Por isso, ao ver as pedras atiradas em manifestações – e refiro-me apenas àquelas manifestações em que centenas ou milhares de pessoas de todos os feitios, tamanhos e idades estão presentes, não a iniciativas realizadas por grupos de acção restritos –, a primeira pergunta que se me coloca é esta: existe alguma espécie de pensamento por detrás dessa acção? Ou será apenas um impulso individualista, quase animal, desprovido de qualquer pensamento consciente e elaborado? Gostaria de acreditar que esse pensamento existe. Mas então, se existe, alguém faça o favor de o partilhar comigo.

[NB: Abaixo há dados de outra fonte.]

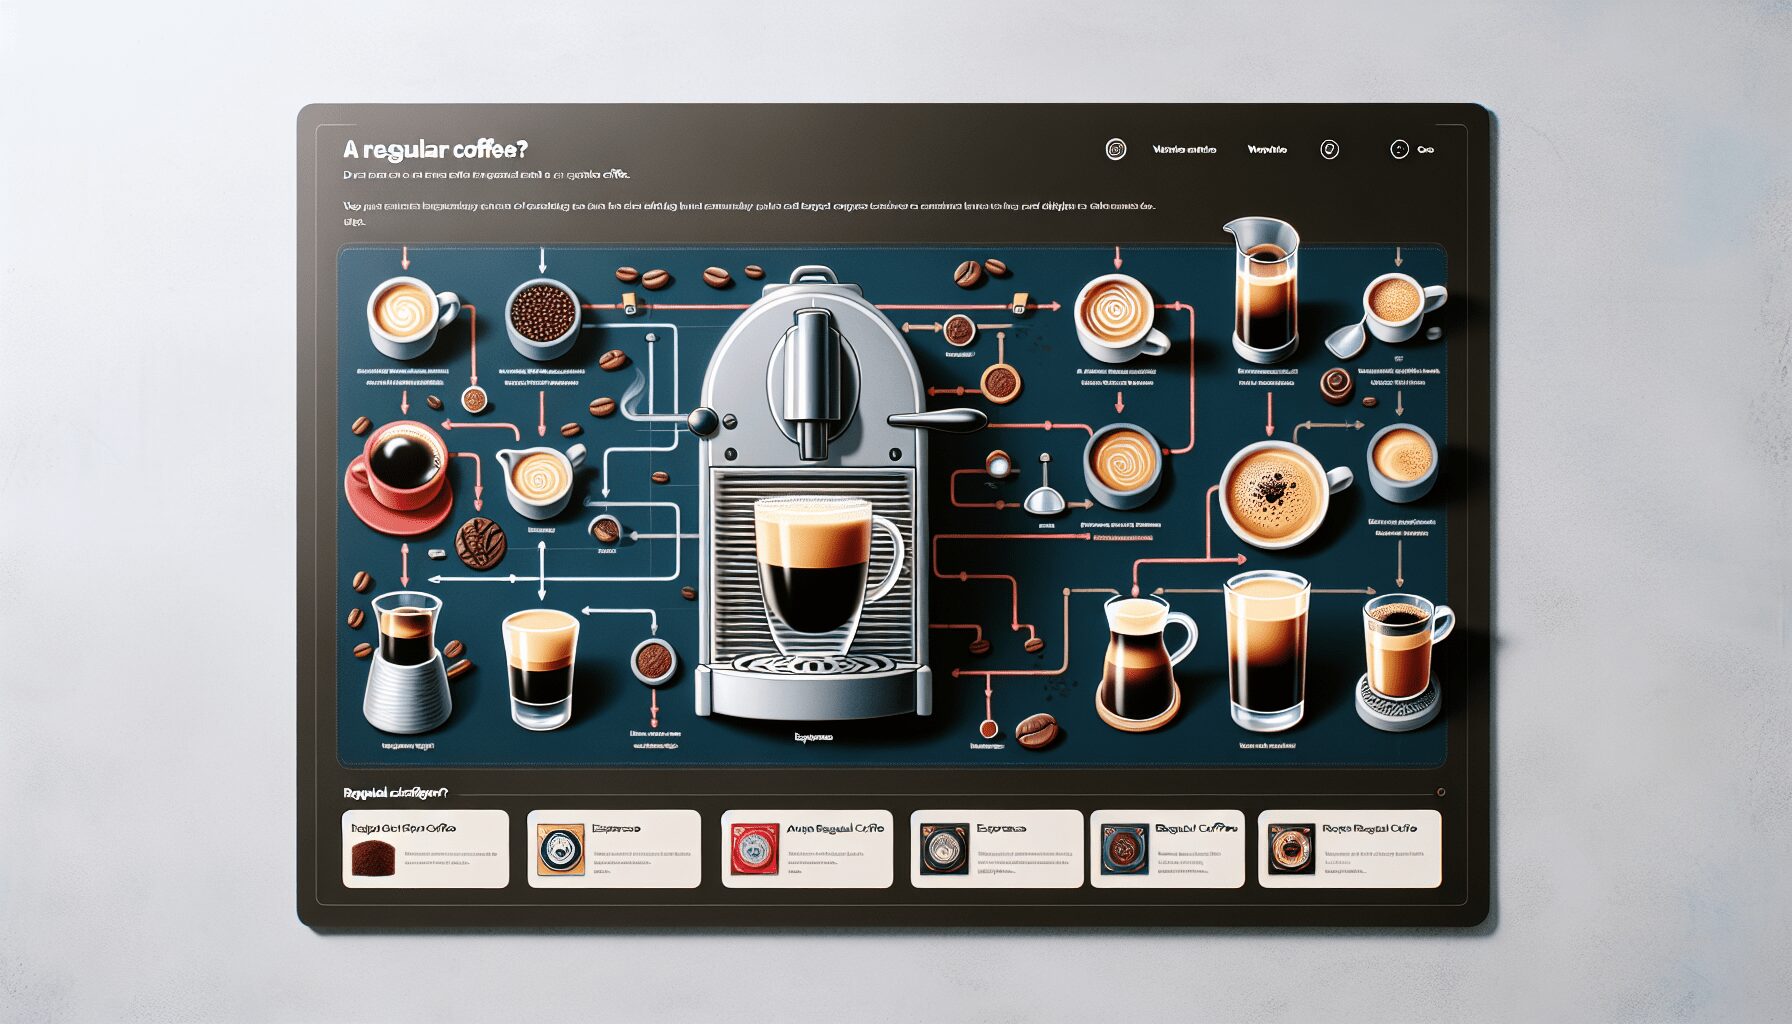 Can Nespresso Make Regular Coffee?

As actuais políticas do Governo já causaram mais mortos e desgraças do que alguma vez poderão causar uma dúzia de lançadores de pedras. Que a violência do poder instituído existe, que ela não pode ser ignorada, que causa mortos, feridos, infelicidade e sofrimento, ninguém pode duvidar. Creio, de resto, que já quase ninguém duvida.
O que me interessa saber é se essa violência exercida pelos poderes públicos tem como efeito um acréscimo da revolta verdadeira (tal como Camus a definiu) ou um atrofiamento da consciência política e de classe – e portanto uma diminuição dos actos de revolta efectiva.
O campo dos oprimidos tem de, uma vez por todas, deixar de fugir cobardemente a esta discussão e encontrar uma resposta para as suas acções colectivas de resposta à violência dos opressores. Não uma resposta decalcada das velhas fórmulas de pensamento provenientes do século XIX, que é de prever sejam inaptas às condições materiais e culturais da actualidade, mas sim uma resposta eficaz e adequada às condições de opressão actuais.

1 comentário:

  1. Só uma desobediência civil poderá alterar algo.
    Se alterar.
    Atacar os que roubam impunemente naquilo que lhes doi e interessa....O LUCRO
    Ao atacarmos os bancos com medidas indolores infligiremos mais dano que morrendo pela mudança do sistema,porque ao fazer tremer a Banca estaremos a reformular o País.
    Pense por exemplo no msm dia e em todo o País centenas de pessoas em cada agência de cada Banco,levantar na ATM de outro Banco 5 ou 10 euros e ir depositar ao balcão do seu Banco....isto ininterruptamente o dia todo,dias a fio.
    Acabar com os débitos diretos na conta e obrigar os que nos exploram a ter de mandar cartas com o pagamento para casa e depois ir nos serviços respectivos pagar.
    Não utilizar bombas de gasolina sem empregado físico para nos abastecer a viatura,ainda há algumas que os têm.
    Entupir os tribunais com queixas contra o Estado.
    Mais ideias haverá que provoquem prejuizo.
    Nas grandes superficies encher carrinhos de compras e ao chegar à caixa...oooops esqueci-me da carteira,desculpe e deixar td para arrumar,ene pessoas,ene vezes,dias a fio.